_PROBLEM STATEMENT_
What is needed is an exact copy of the data below, pictures excluded.

_DATASET EXTRACT_

______________________________

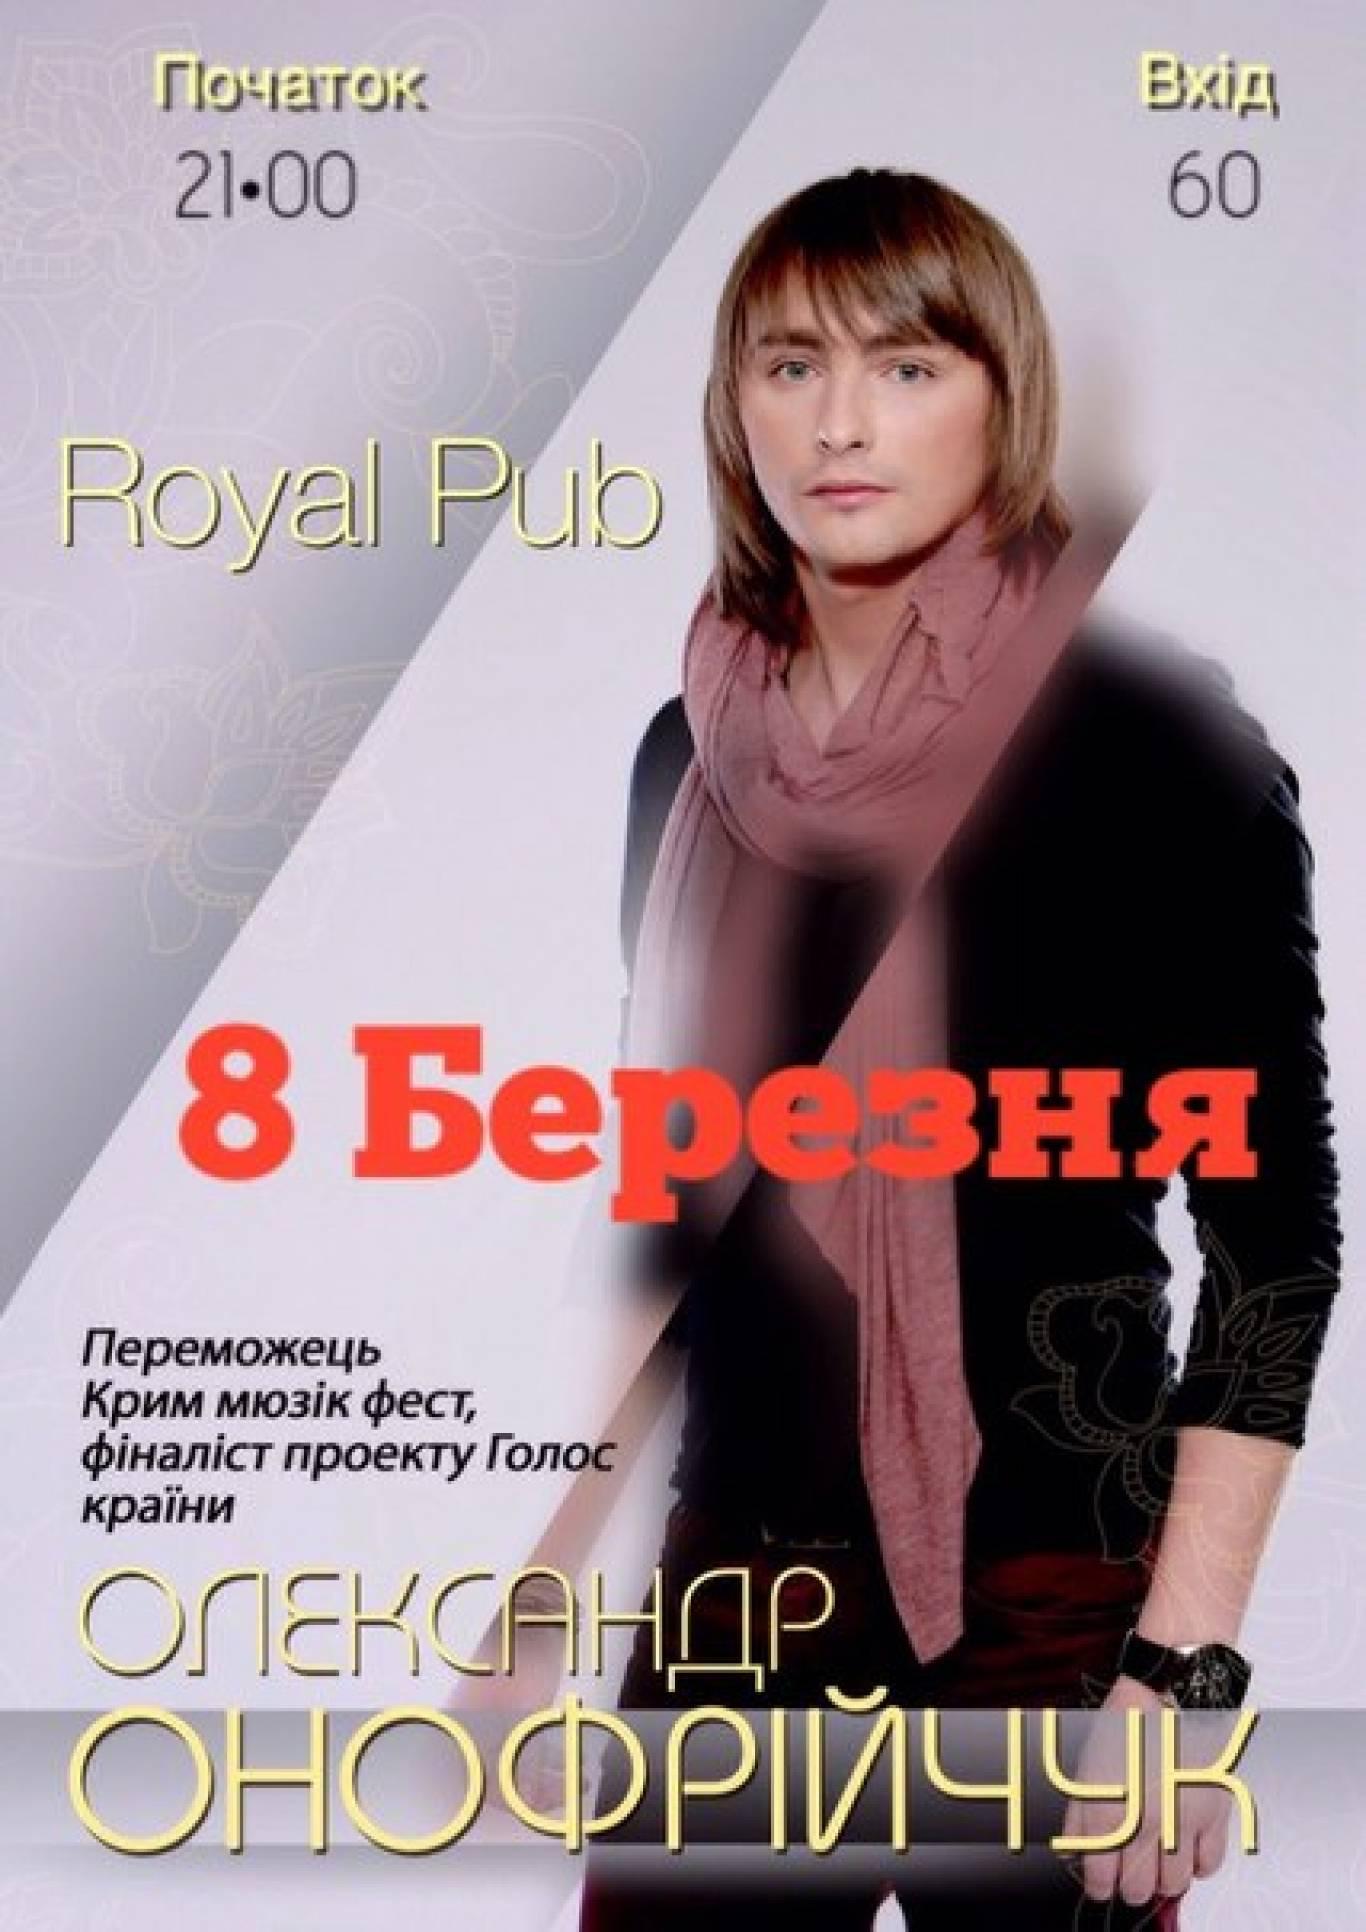 Олександр Онофрійчук з концертом до 8 березня
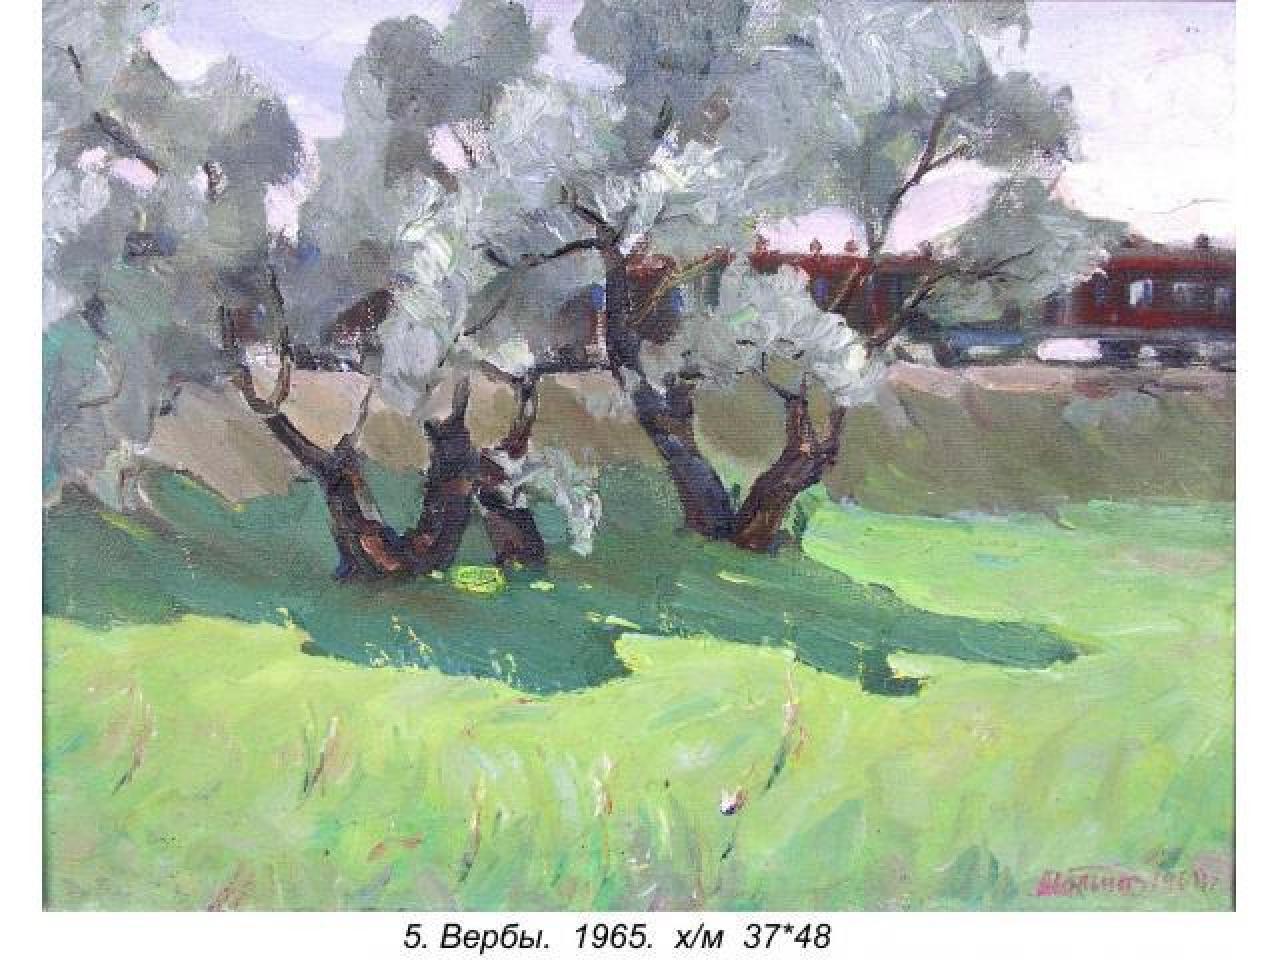 продам живописные картины соцреализма (более 500 шт.) Мальцева П,Н, - 3
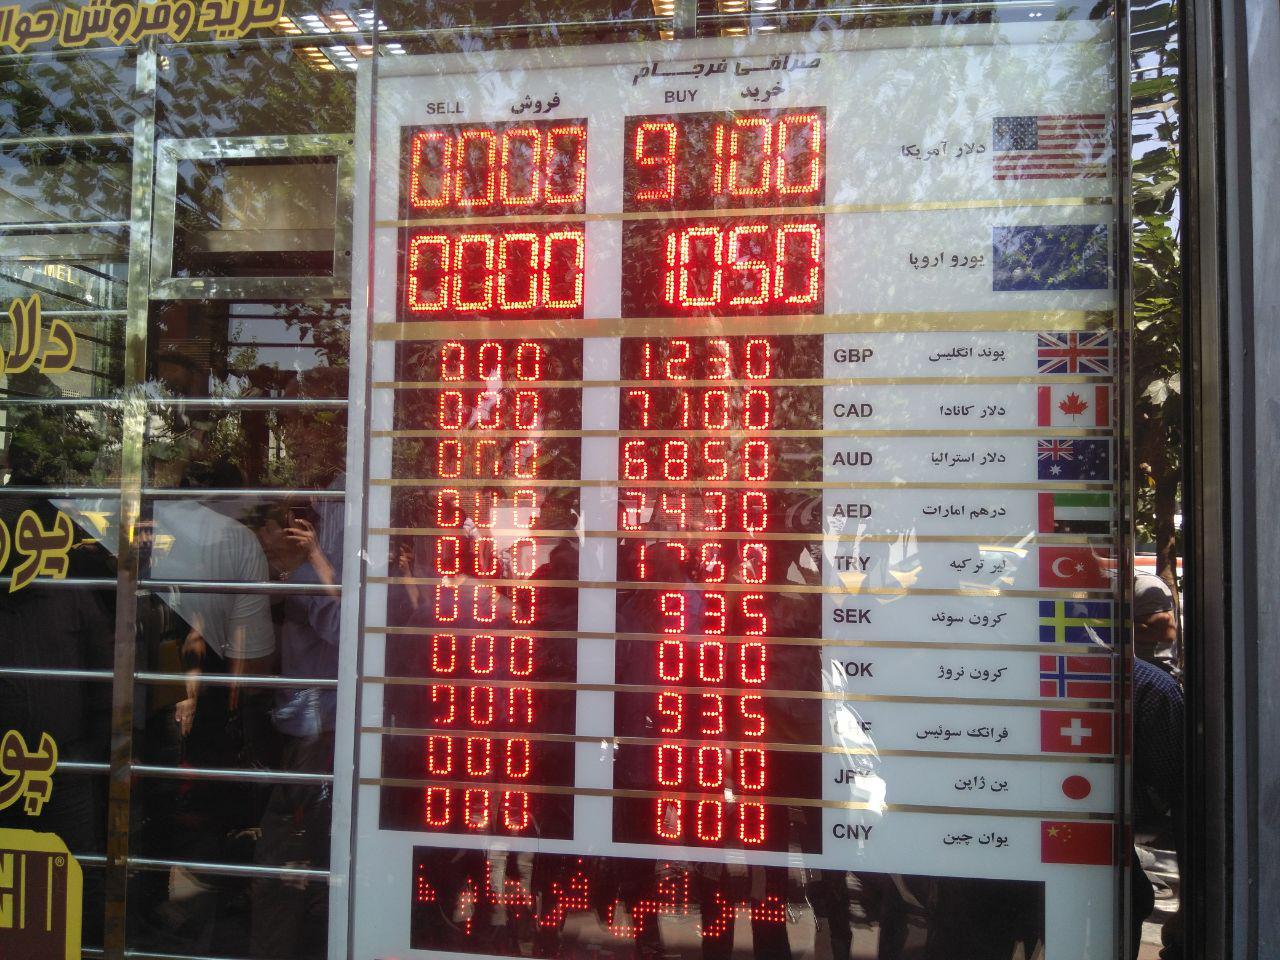 فروش دلار 8800 تومانی از سوی دلالان/ سکه به ۳ میلیون تومان کاهش یافت

______________________________

_WRITTEN RESPONSE_
 Олександр Онофрійчук з концертом до 8 березня
 продам живописные картины соцреализма (более 500 шт.) Мальцева П,Н, - 3
 فروش دلار 8800 تومانی از سوی دلالان/ سکه به ۳ میلیون تومان کاهش یافت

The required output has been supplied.